Por outro lado, a visão oferecida pela Arqueologia de cotas positivas é

simultaneamente mais ampla e mais complexa, dado que os edifícios

históricos passam a ser entendidos mais como o resultado de

experiências únicas, feitas de construções e reconstruções, do que como

modelos construtivos aplicados em determinado período histórico.

De fato, os edifícios históricos são sempre construções estratificadas e é,

como tal, que, do ponto de vista da ciência , deverão ser compreendidos.

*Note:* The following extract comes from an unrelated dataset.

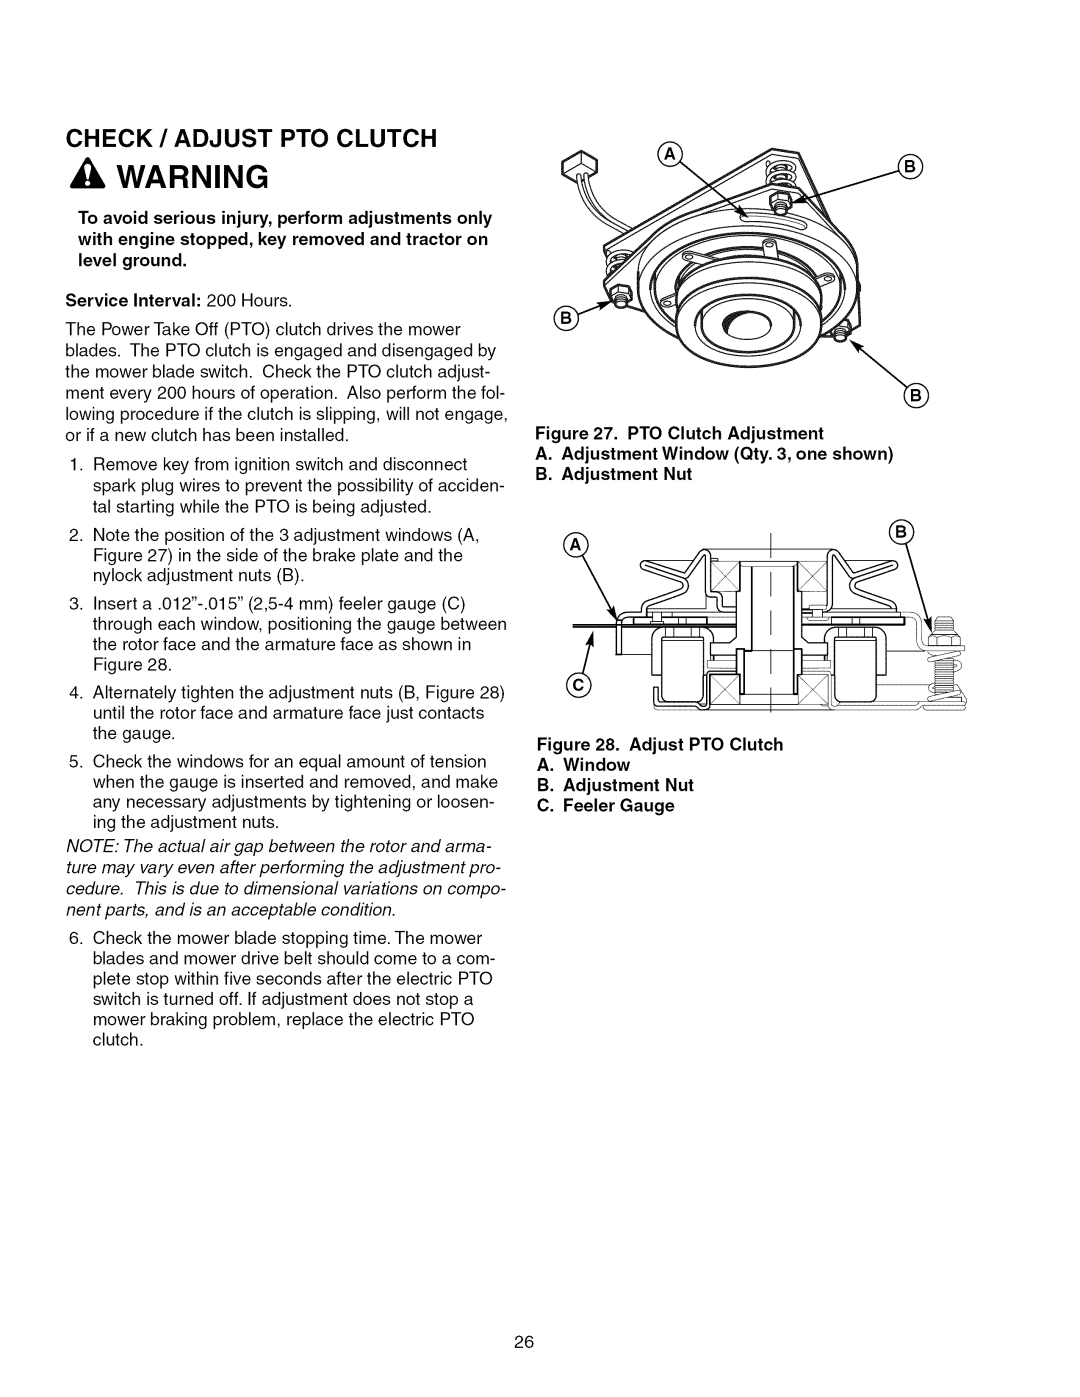 Craftsman 28986 manual Check / Adjust Pto Clutch, PTO Clutch Adjustment, Adjust PTO Clutch, B.Adjustment Nut C.Feeler Gauge

Desta forma, para que a intervenção em construções históricas seja uma

verdadeira oportunidade para conhecer o edifício e preservar os seus

valores, é imprescindível que os agentes que nela intervenham dominem

uma metodologia segura baseada nos conceitos de tempo, espaço,

forma, uso, função, e ausência em seus níveis de analise, morfológico

cenográfico, conjetural e hipotético que permitam uma análise mais

profunda e objetiva dos MONUMENTOS COM o objetivo de ENTENDER

A EVOLUCAO DOS SEUS PARTIDOS DE PLANTAS COM SEUS

ESPACOS , VOLUMES, CHEIOS E VAzIOS, E SUAS COBERTURAS E

SUA EVOLUCAO TECNOLÓGICA CONSTRUTIVA NOS MAIS

DIVERSOS MOMENTOS HISTORICOS.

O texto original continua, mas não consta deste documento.